Rodrigo Fonseca
Embora a conjugação de palavras, imagens e exumação de signos, em uma estrutura de puzzle ou (como dizia Cortázar) de “jogo da amarelinha”, faça parte do léxico cinematográfico de Jean-Luc Godard desde “A chinesa”, em 1967, a busca dele pelo osso dos símbolos não estacionou em procedimentos reiterativos: cada novo filme traz uma nova variável ao jogo de sentidos. Rodrigo Fonseca
Uma semana antes de conquistar uma Palma de Ouro especial, em Cannes, por “Imagem e palavra” (“Le livre d’image”), um colírio semiótico, construído como ensaio documental, para abrir nossos olhos sobre nossa subserviência às narrativas, Godard (aos 88 anos) deu uma entrevista via Facetime para explicar certas escolhas: “As filmagens deste projeto não foram ação, foram arquivos: preciso do passado para falar do futuro”. O passado ganha os contornos de “Johnny Guitar” (1954), faroeste de afirmação do feminino (ou do feminismo, pra parte respeitosa da crítica), numa aparição de Joan Crawford e Sterling Hayden.

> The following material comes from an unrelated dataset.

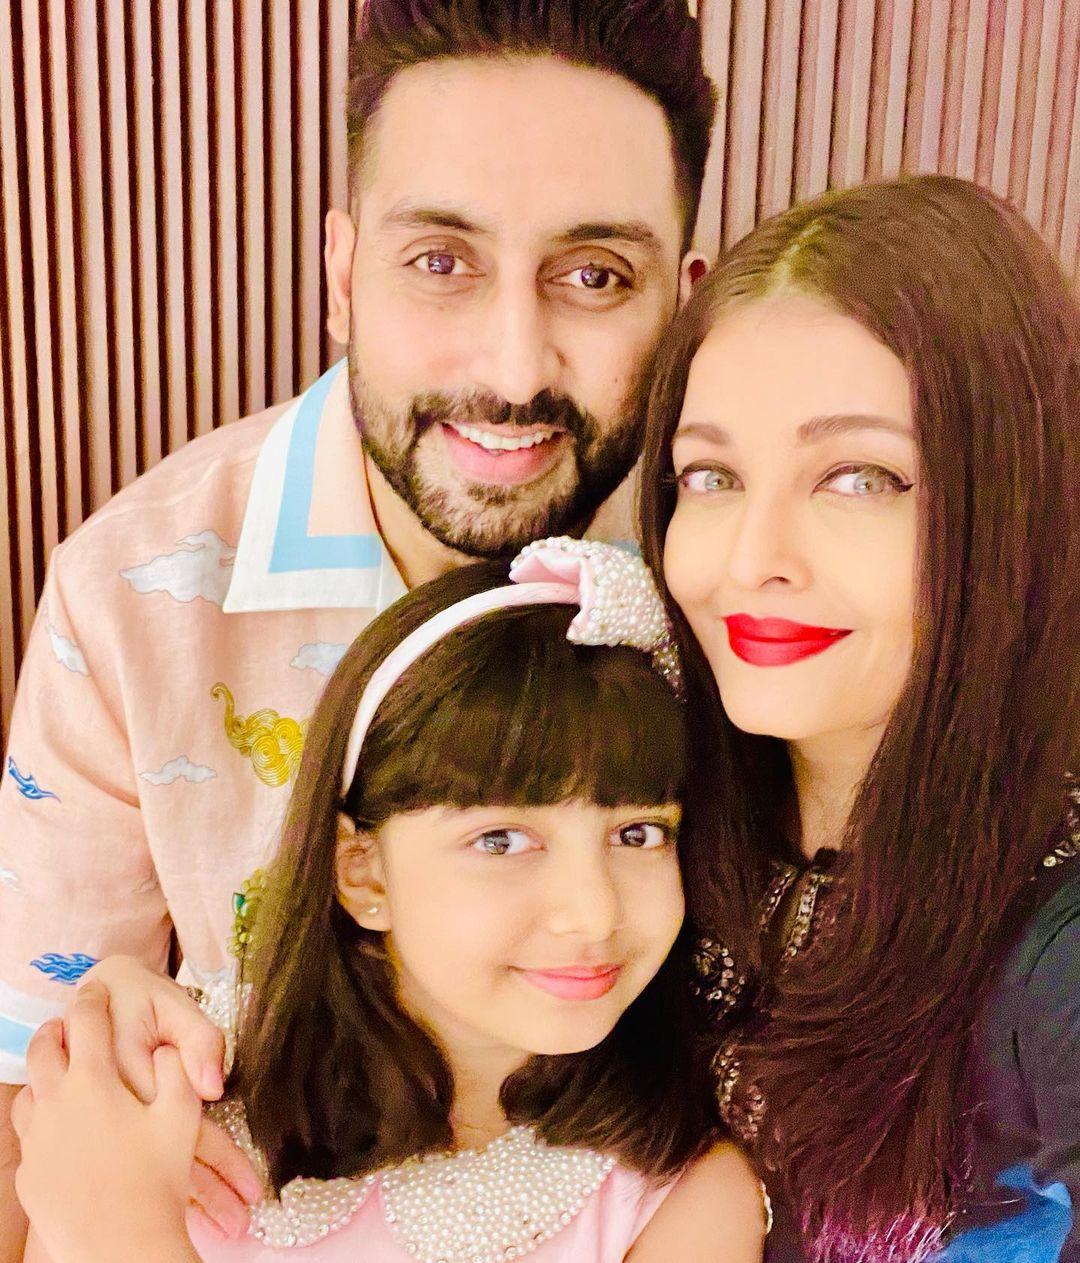 Actors Gossips: Aishwarya Rai Bachchan-Abhishek Bachchan pose for cute selfies with birthday girl Aaradhya Bachchan
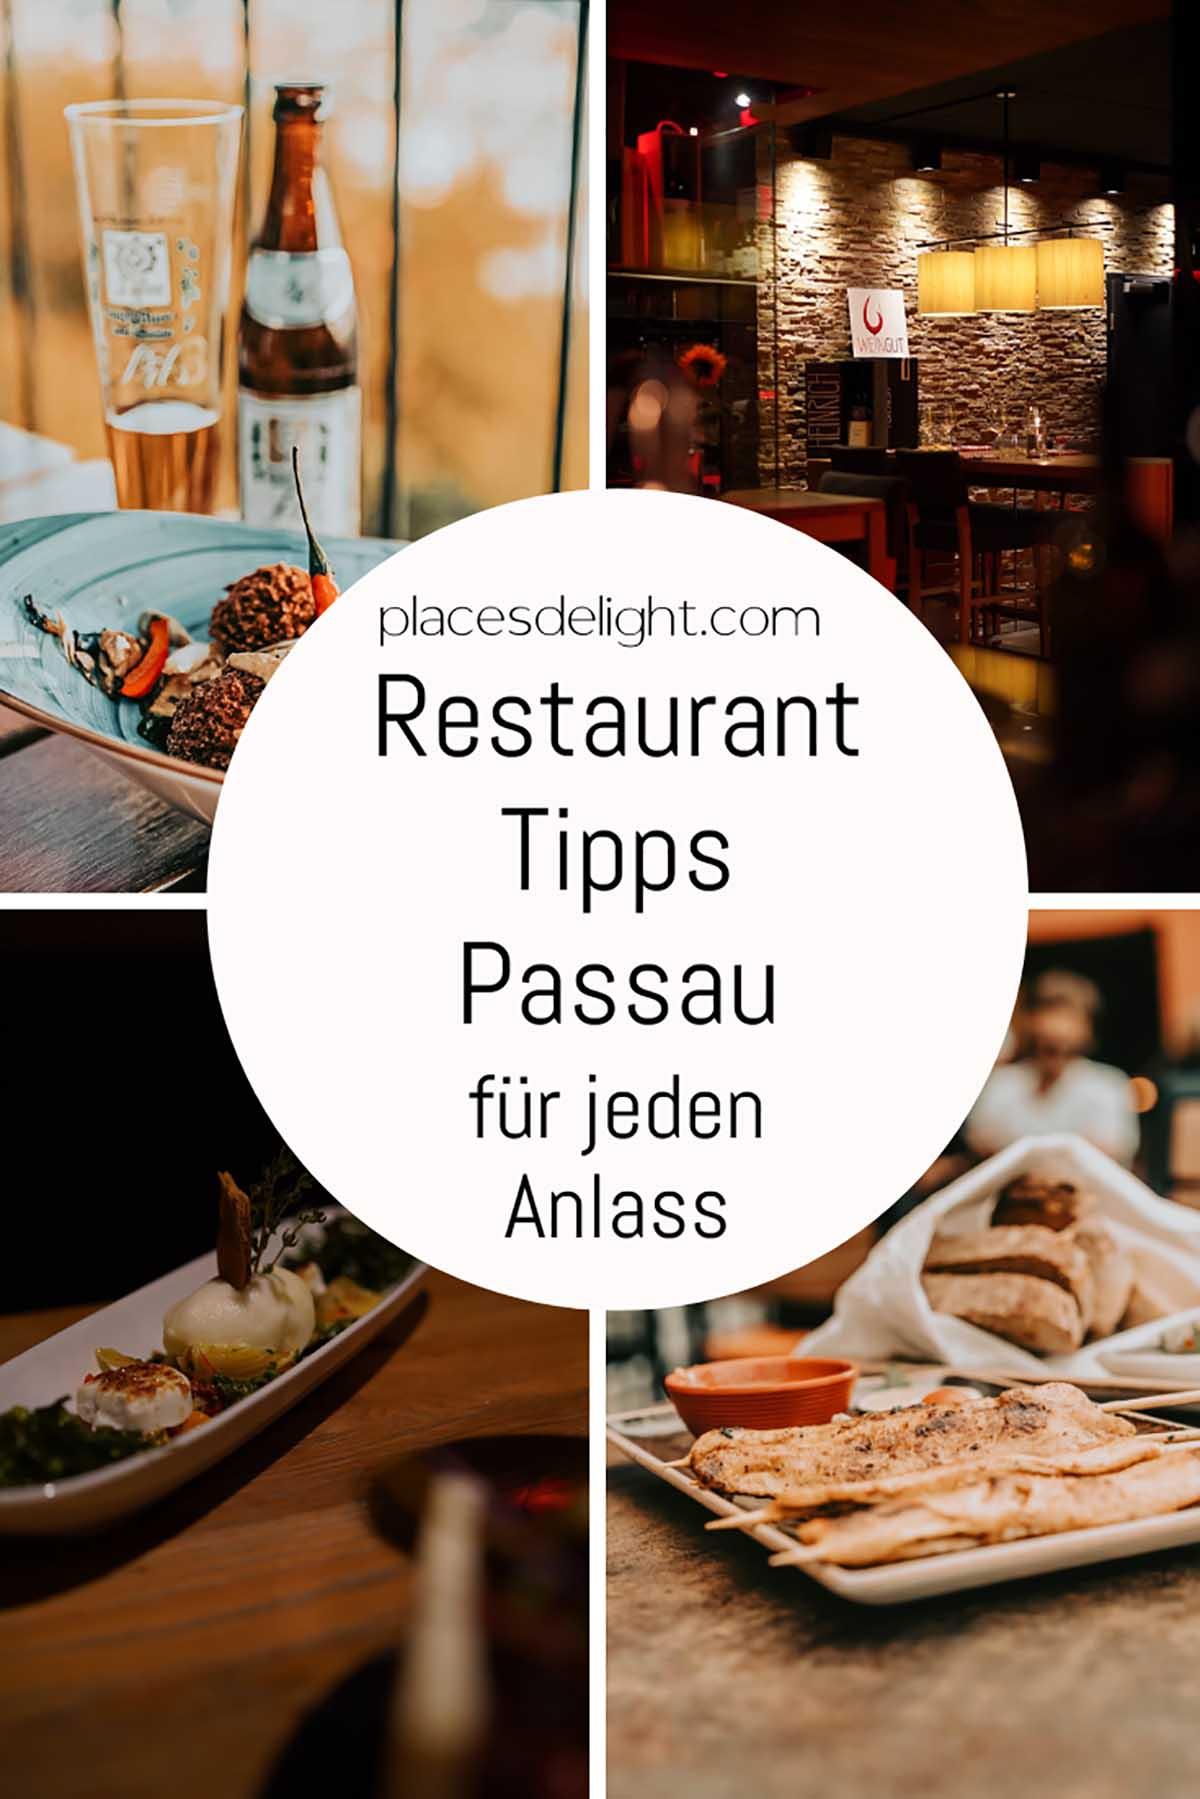 placesdelight-restaurant-tipps-passau

O western é de Nicholas Ray (1911-1979), diretor cujo humanismo desmesurado e a rejeição à ordem burguesa encantou Godard e seus colegas de Nouvelle Vague, o movimento que modernizou a prática cinematográfica na França, entre os anos 1950 e 60, num engajamento em causas políticas e revisões comportamentais. O fragmento de Ray entra como um farol numa colagem (a expressão godardiana por excelência de 2001 pra cá) de cenas de batalha, de terrorismos, de publicidades. A mesma iluminação se dá ao redor deum frame de “Tubarão”, de Spielberg, usado com ironia. Todas as citações cinéfilas, que vão se descontruindo conforme Godard vai superpondo a elas uma narração filosófica. “O som, no cinema, precisa ser pensado de outra forma, autônoma, como se fosse um organismo à parte da imagem. Complementar, claro, mas com significação em si”, defende ele. Mastigando e dilacerando signos jornalísticos ou ficcionais, o diretor cria uma linha de debate na qual questiona as representações acusatórias ao Estado Islâmico, para desnudar um discurso de construção de vilania e culpa, e confronta o onipresente imperialismo do cinema americano. Enfim, é o que o cineasta – nascido em Paris em 3 de dezembro de 1930, mas naturalizado suíço – sempre faz, desde “Acossado” (1960): seus experimentos são filme, são semiologia, mas são, antes de tudo, Godard, uma grife de digressões. E reações. O resultado plástico e o discursivo não têm, como espetáculo, o vigor de “Nossa música” (2004), o melhor longa dele neste século, mas há potência de sobra, a ser digerida aos poucos, sob azias morais.